Publisher | A different cold war

In the short space of time between the videoconference held by Joe Biden and Vladimir Putin at the NATO-Russia Council on Wednesday, with the bilateral negotiations between US and Russian diplomats in Geneva on Tuesday as a stopover, it has been enshrined, if not it was, an atmosphere of permanent crisis, a political ecosystem that the president of Russia manages with special ease. While think tanks on both sides of the divide scrutinize the nature and characteristics of such heightened mistrust crisis, there are not a few analysts inclined to say that the cold war shadow it is elongated. But some ingredients suggest that the DNA of dissent today is quite different from that which characterized the arms race and the struggle for hegemony between the United States and the Soviet Union for decades.

The first difference between then and now is that Russia, despite being a great military power, lacks the operational consistency of yesteryear and is, at the same time, a very vulnerable economic system within the global economy, although the rise of some companies such as Gazprom may lead one to think otherwise. The second difference is that during the cold war of the past, the United States faced only one adversary and now it does so with two –China is the other opponent-, with the particularity that both have agreed to a marriage of convenience to respond to the competition of the White House and that of a weakened president no matter where you look at it. The third difference is that the United States, through the NATO, maintains the alliance with its usual allies, not without problems -enormous during the presidency of Donald Trump-, while Russia is still in the process of rebuilding old complicities that vanished with the collapse of the USSR and the liquidation of the Pact from Warsaw.

Hence, the invocation of the specter of the cold war makes sense, but it is debatable that in the short term it will make an appearance. Such a thing would certainly happen if President Putin decided to move from threats to deeds in Ukraine -100,000 soldiers camp near the border-, or appear with weapons and baggage in Cuba or Venezuela, something that would entail extreme danger. Likewise, a postmodern version of the cold war would materialize if Ukraine entered NATO in a hurry, something unlikely, although not entirely ruled out. But, as unlikely as such situations may seem, any of them must be taken into account in the calculation of risks.

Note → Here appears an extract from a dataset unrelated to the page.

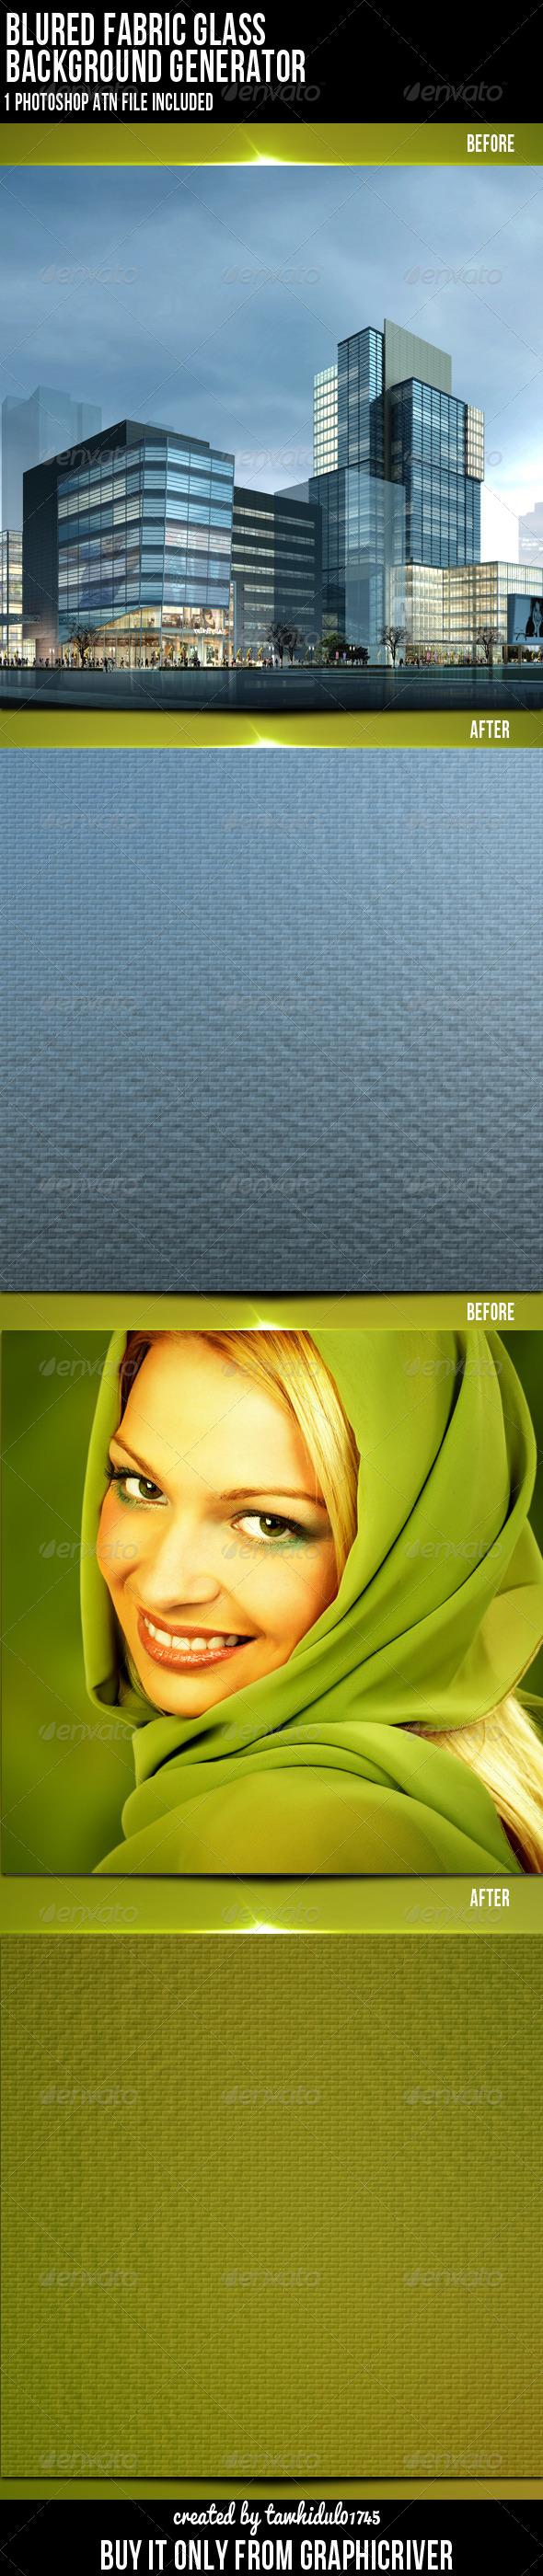 GraphicRiver Background Generator Photoshop Action 5021647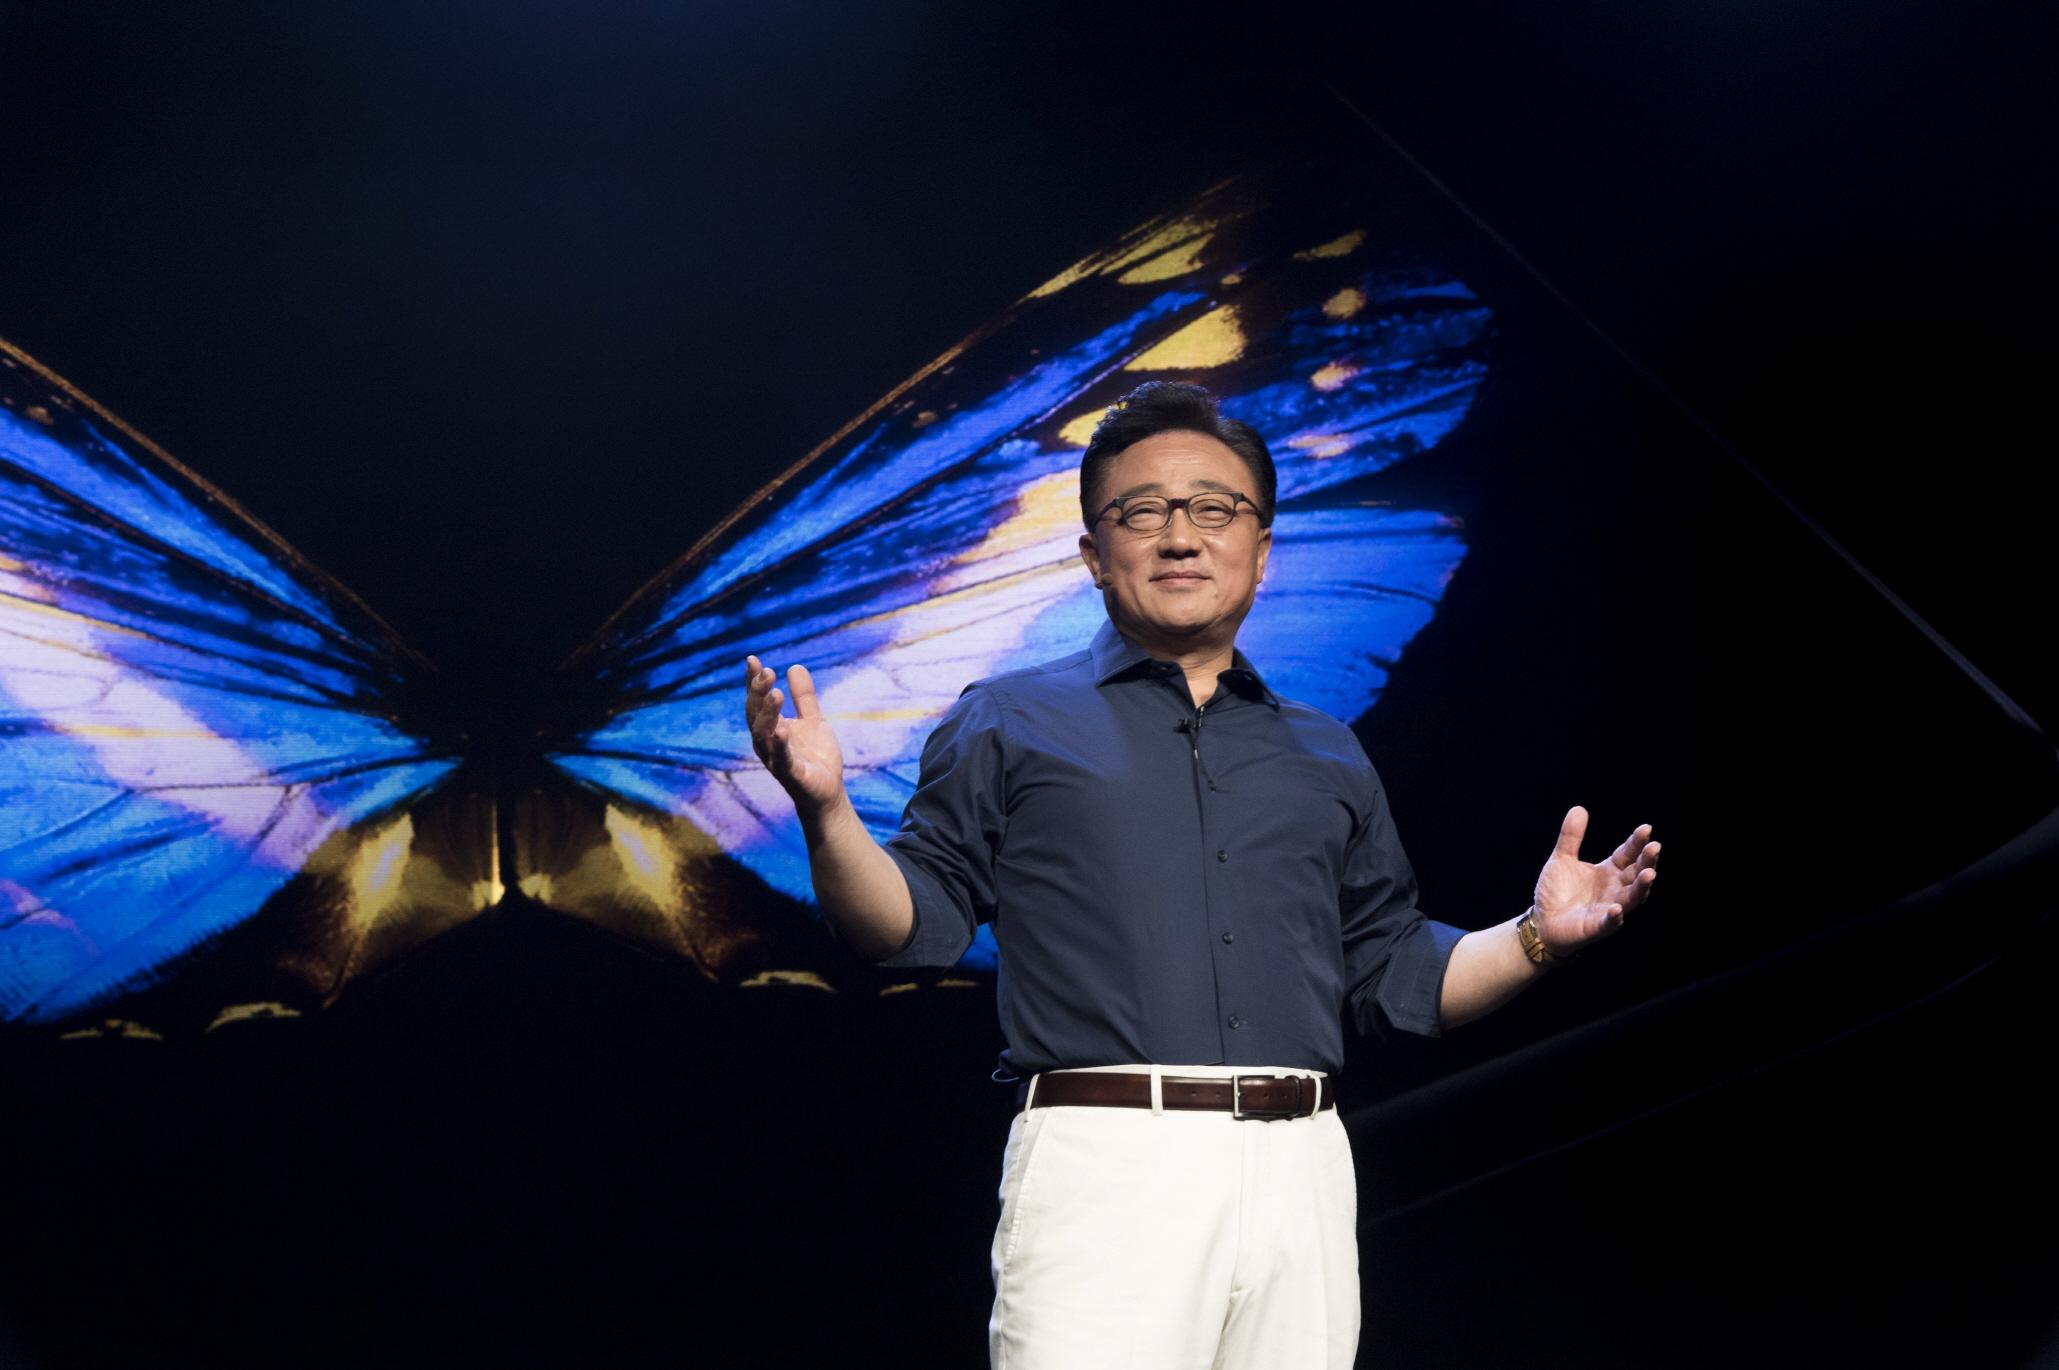 Samsung releva a Celestino García de su cargo de vicepresidente corporativo

The fact is that Moscow keeps extreme vigilance over its backyard since the NATO summit held in Bucharest in April 2008, which approved the entry of Ukraine and Georgia into the organization, although it did not set a date or conditions. And all the demands that President Putin has put on the table are due to the claim that, as in the past, the silhouette of NATO be kept as far away as possible from Russia’s borders. Not only is he going to achieve safety standards that he now believes he does not have, but also the scenic success that he is pursuing in the face of his fellow citizens, who are increasingly skeptical due to the authoritarian drift of the regime and whose reaction to the eventual effects of sanctions imposed by the West, depending on how events unfold in Ukraine, is a mystery that not even Putin is in a position to clear up.